All them show girls were jigglin' about in their high heels and you
could feel that kinetic energy makin' alot o' heat. My proton was
getting mighty dense, so I drove my truck out all the way out to Nye
County where they got them legal brothel-places, but by the time I got
there that durn gravity had brought things back down and even though I
remembered what I come fer nothin' weren't in no condition fer no
useful work no more, so I figured I might as well git myself back to
Vegas so's I could go to the buffet.
And then later I found out that the fifth dimension is where yer money
goes when they's givin' you free drinks. And all this time I thought
the fifth dimension had somthin' to do with hot air balloons. Up, up
and away...
Jest goes to show you cain't trust nuthin' you hear on the radio. Them
thermodynamics will git you every time no matter what station you
lissen' to.
Jeff_Relf wrote:
Hi Hydrogen_Atom and Riley_Corninget,
Corninget was sketching about protons being
some kind of perpetual energy machine.
First off... we're all suffering from an entropy crises, not an energy crises.
Entropy, the second law of thermodymanics, means that
Mass_Energy, a.k.a. Wave_Particles, tend to dissipate,
...making them unavailable for useful work !
Whether an entity is a wave or a particle depends on how you want to measure it.
But I posit that all such randomness is ever virtual, never real,
...randomness is merely a lack of information.
So_Called Cosmic_Time is really entropy, the fifth _Spatial_ dimension,
...it's Space_Time_Entropy... the entire universe, including protons
are on course to become relatively nothing... a vacuum.

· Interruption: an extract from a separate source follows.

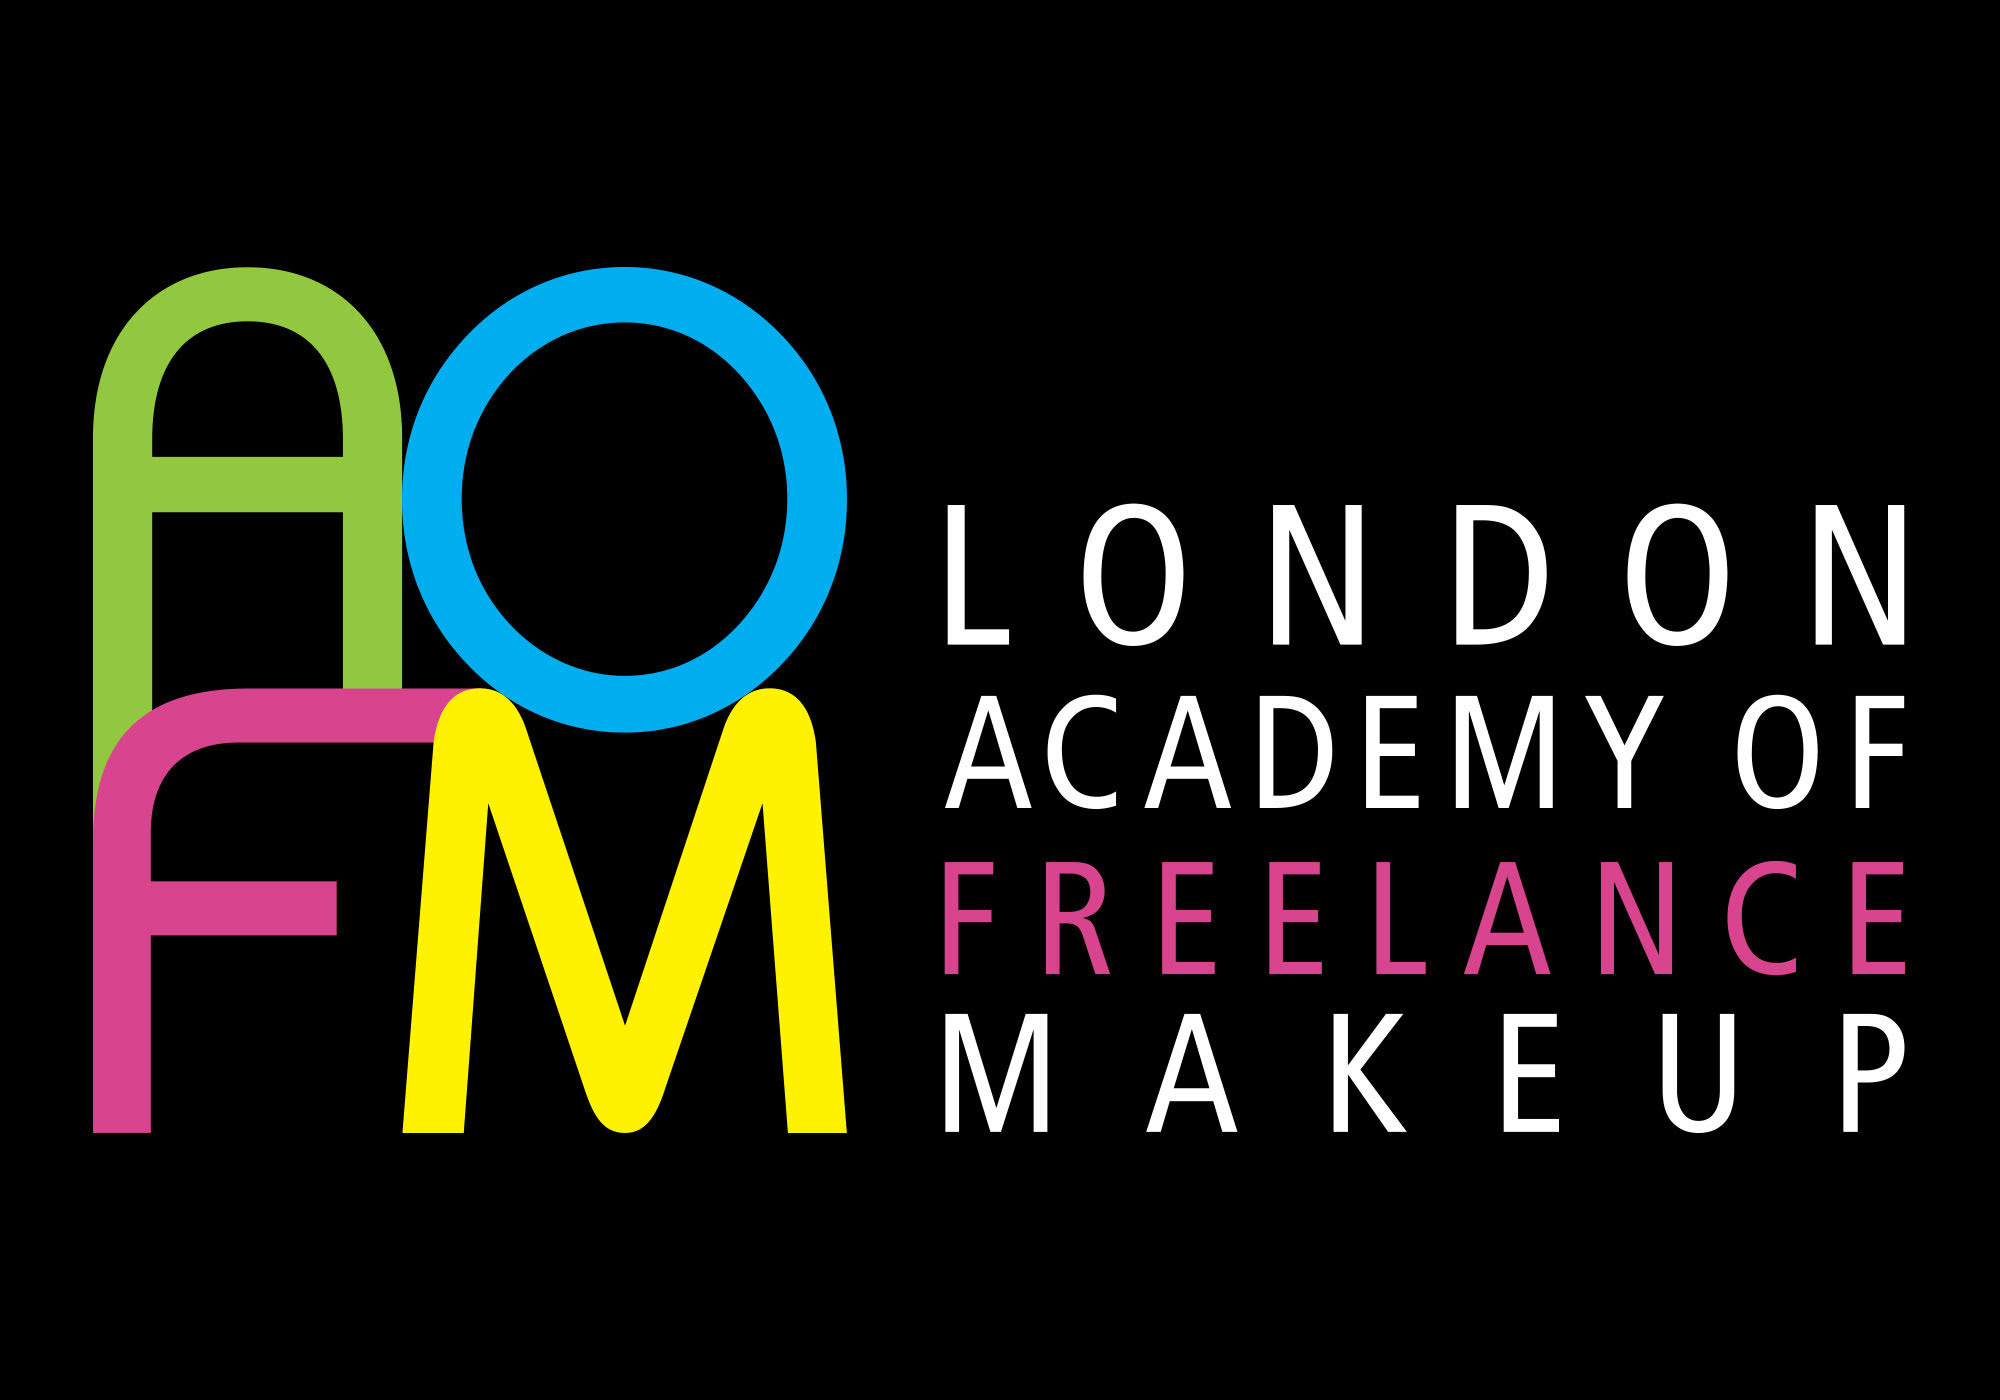 London Academy of Freelance Makeup

It's only left_over density, from the so_called start of the big bang,
that accounts for things like gravity and long_lived protons.

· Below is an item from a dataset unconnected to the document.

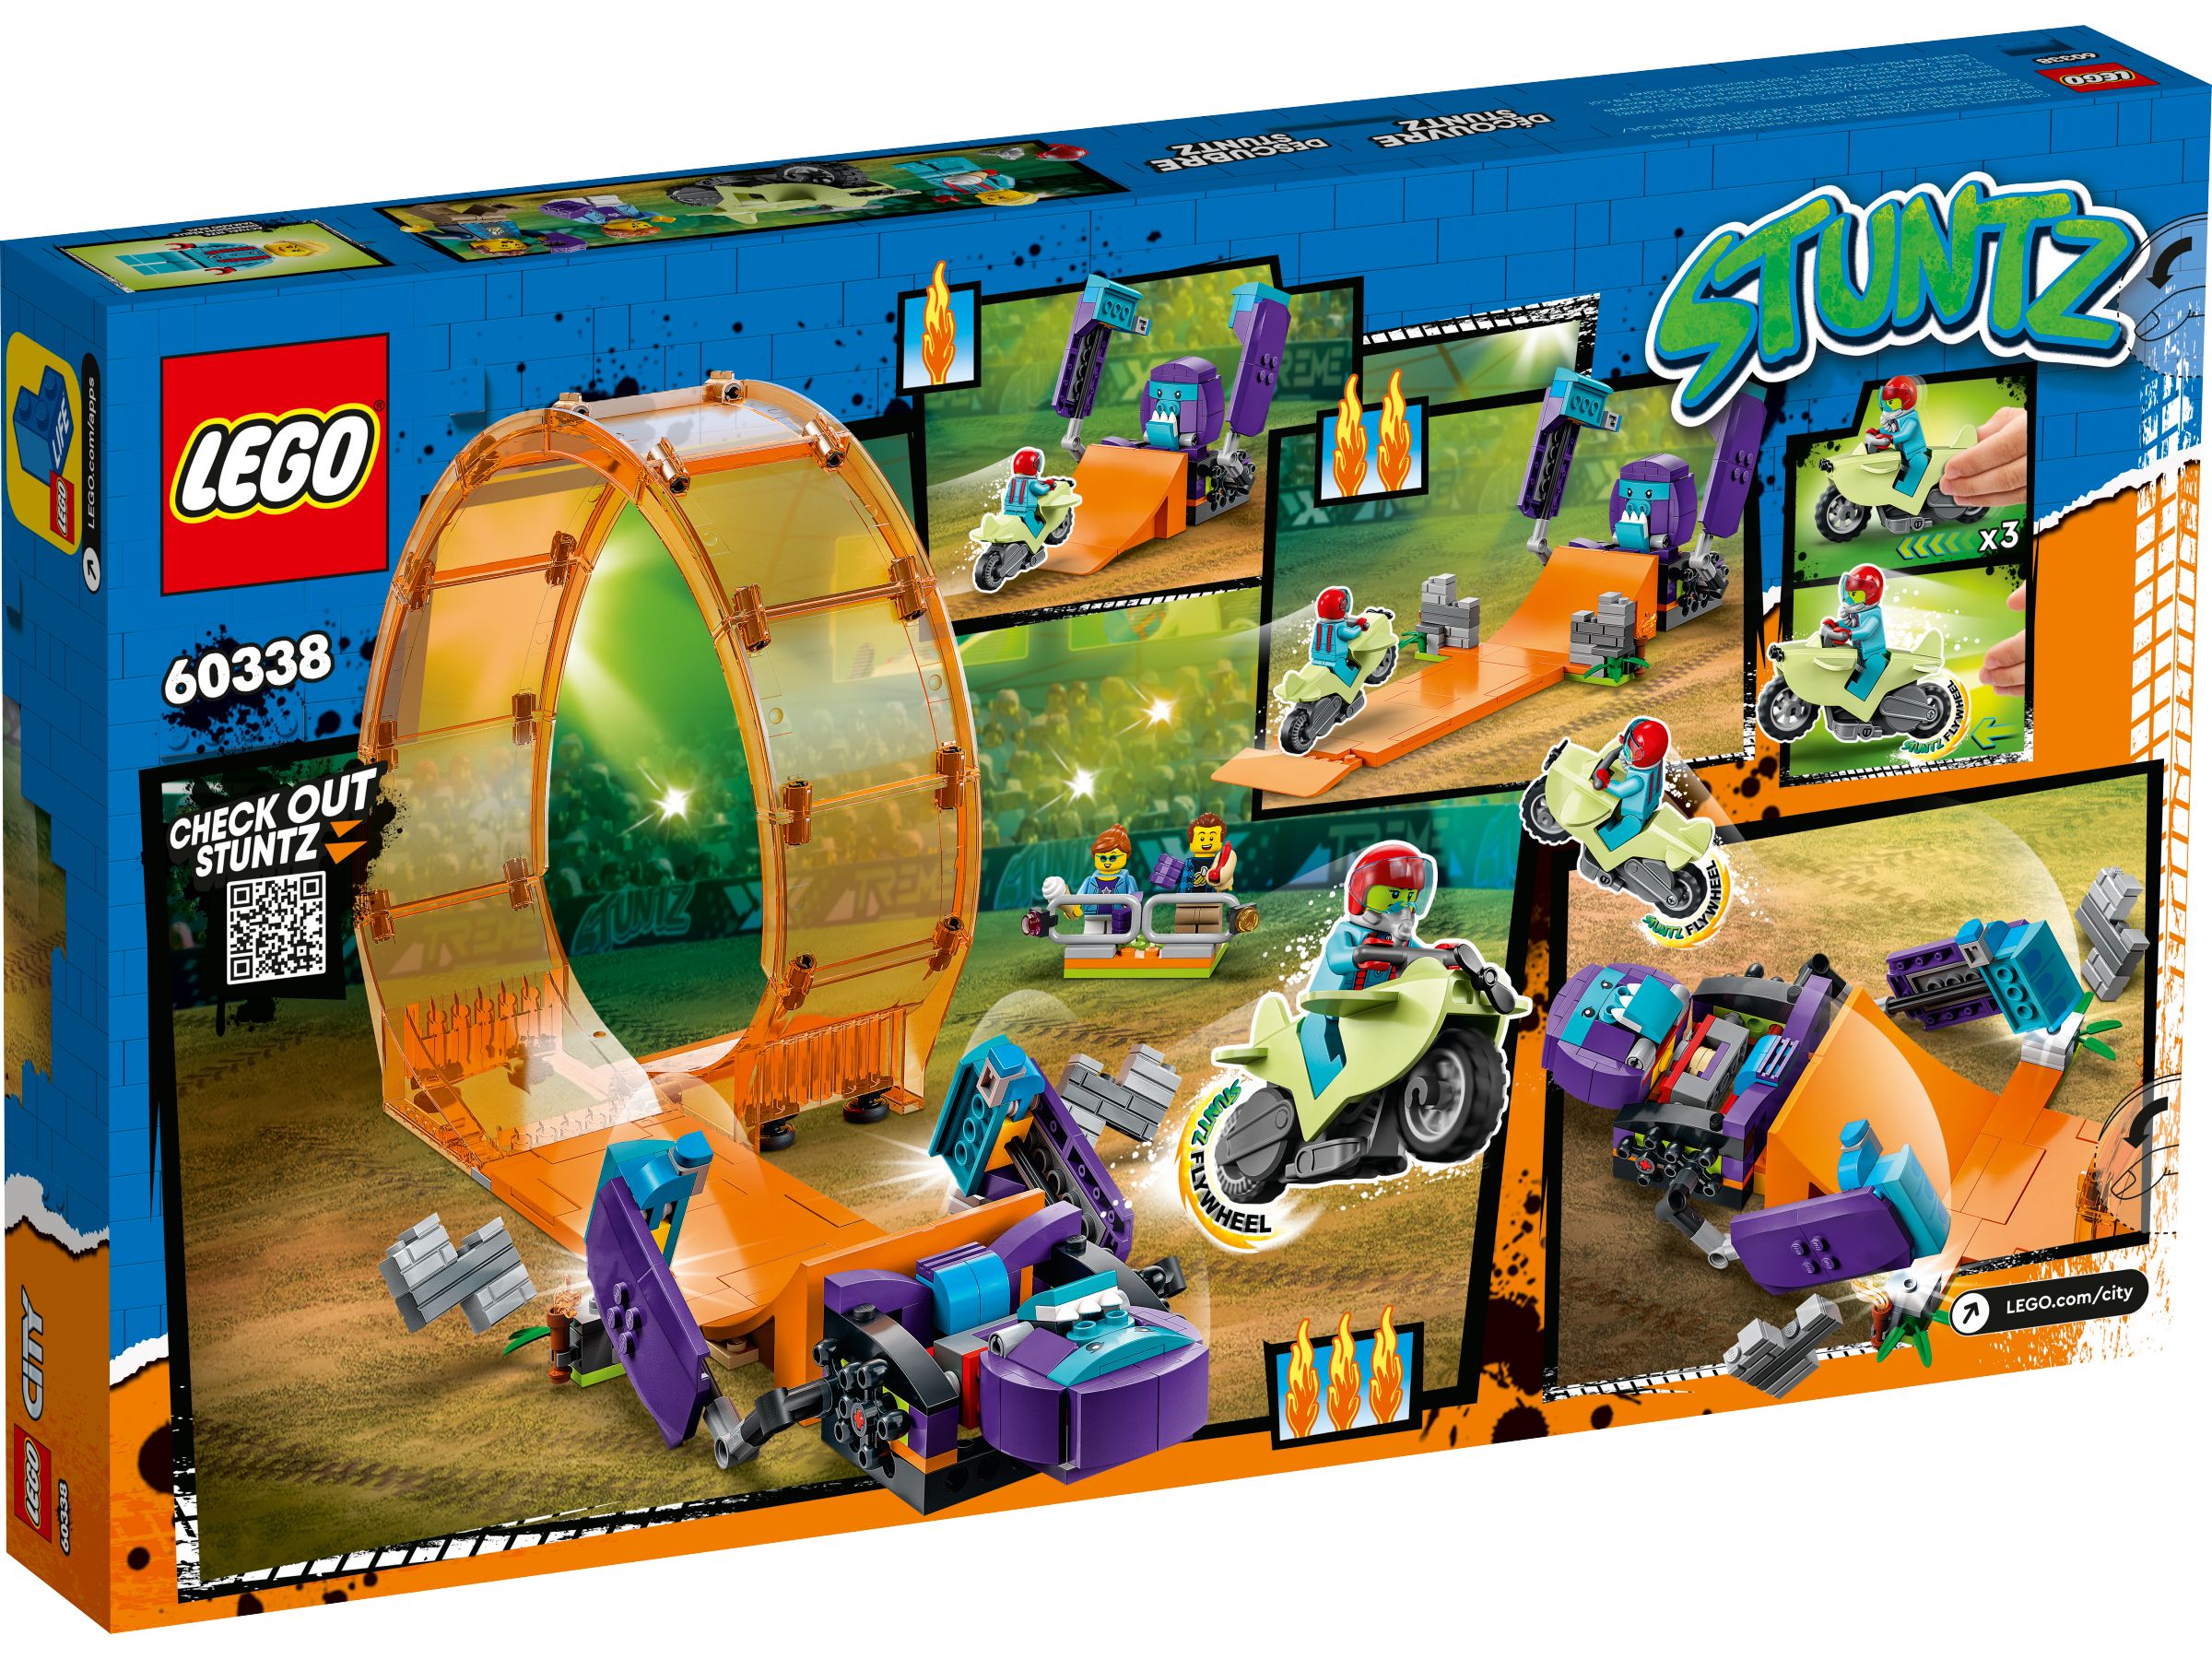 LEGO City 60338 Schimpansen-Stuntlooping LEGO_60338_alt7.jpg

What is the density of protons anyway ? We don't know.
Gravity is like casino winnings... irregardless of any short_term reversals,
everthing always loses to the house in the long_run.
The only thing anyone or _Anything_ ever did was burn bright, like a star,
dissipating into the night.
P.S. Today's obligatory song is Rehab's _It_Dont_Matter_.WMA
http://www.Cotse.NET/users/jeffrelf/_It_Dont_Matter_.WMA
So they say that life's a play, and that all the world's a stage,
then for another part I pray, the show ends the same way everyday.

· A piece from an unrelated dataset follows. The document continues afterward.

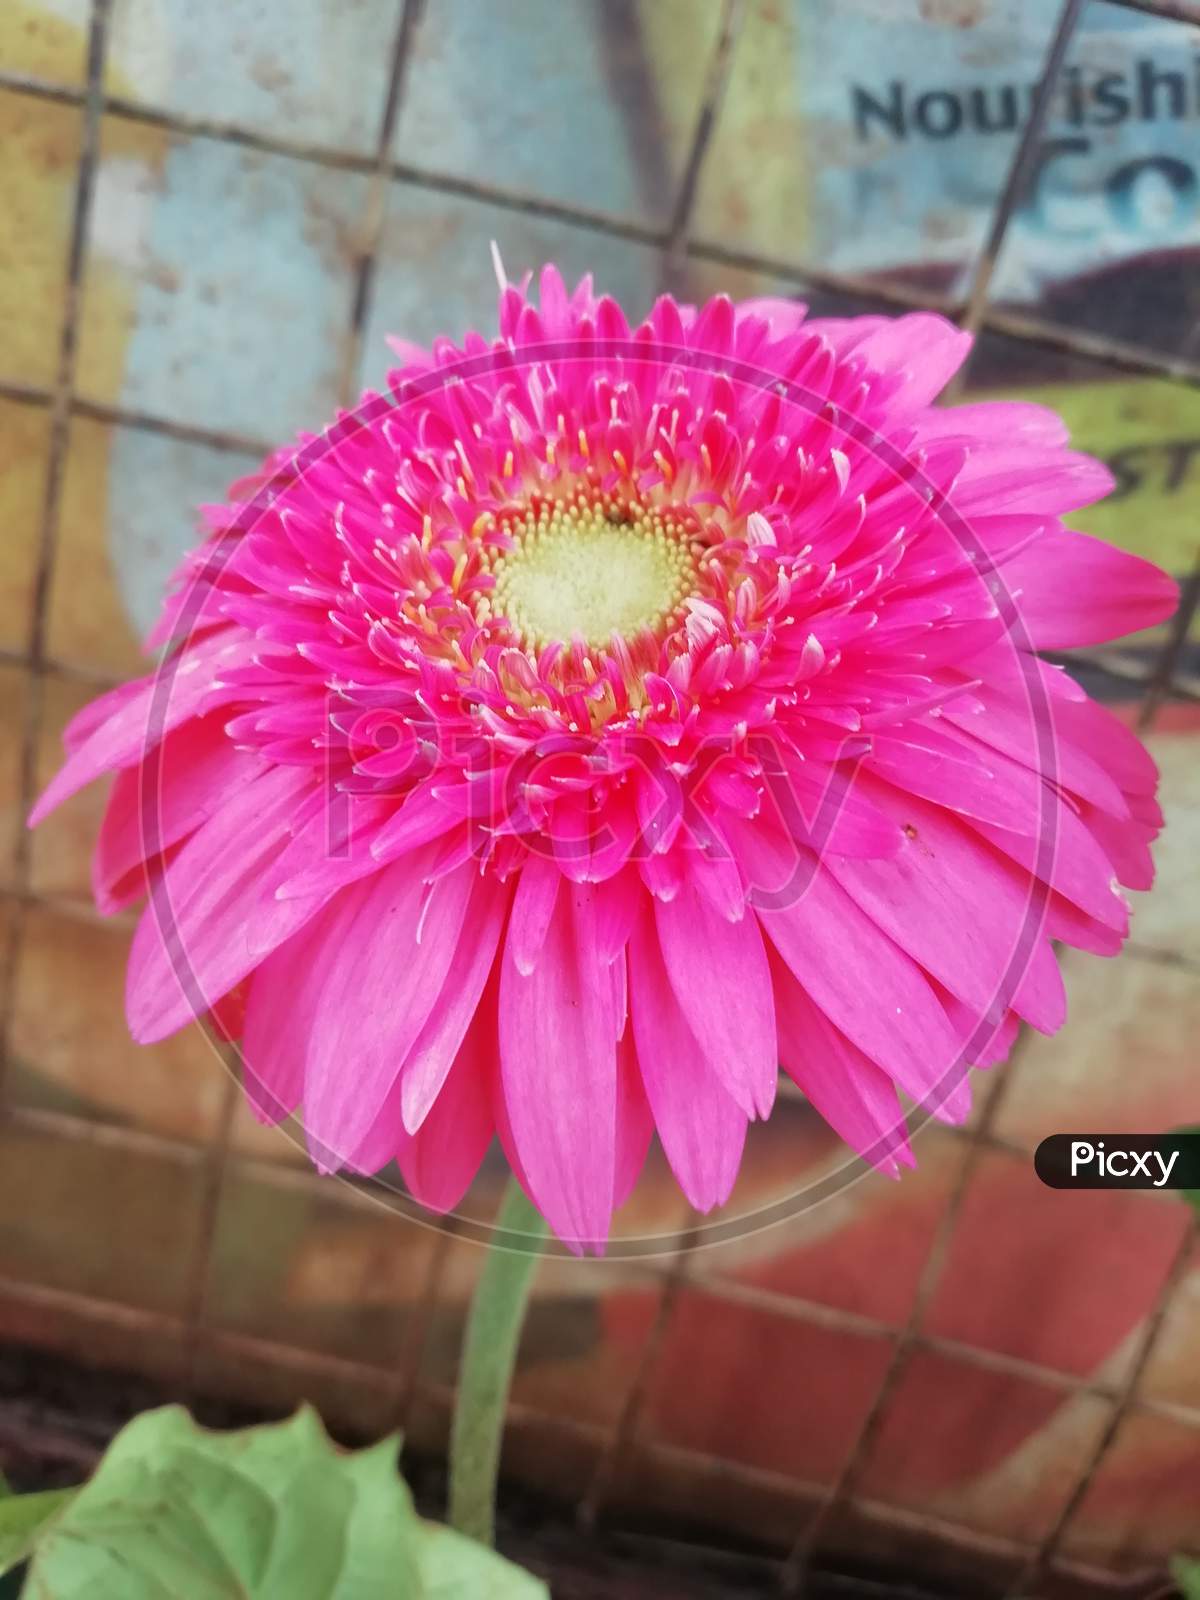 Pink flower Close up view

And my heart carries the pain of a brain I can't explain.
Am I insane... Am I insane.
And it don't matter and I don't care, I let my pain into the air.
'Cuz everything good's over there, and everything here's hard to bear.
And it don't matter and I don't care, I let my pain into the air.
'Cuz everything good's over there, and everything here's hard to bear.
And everything good is gone... and everything good is gone...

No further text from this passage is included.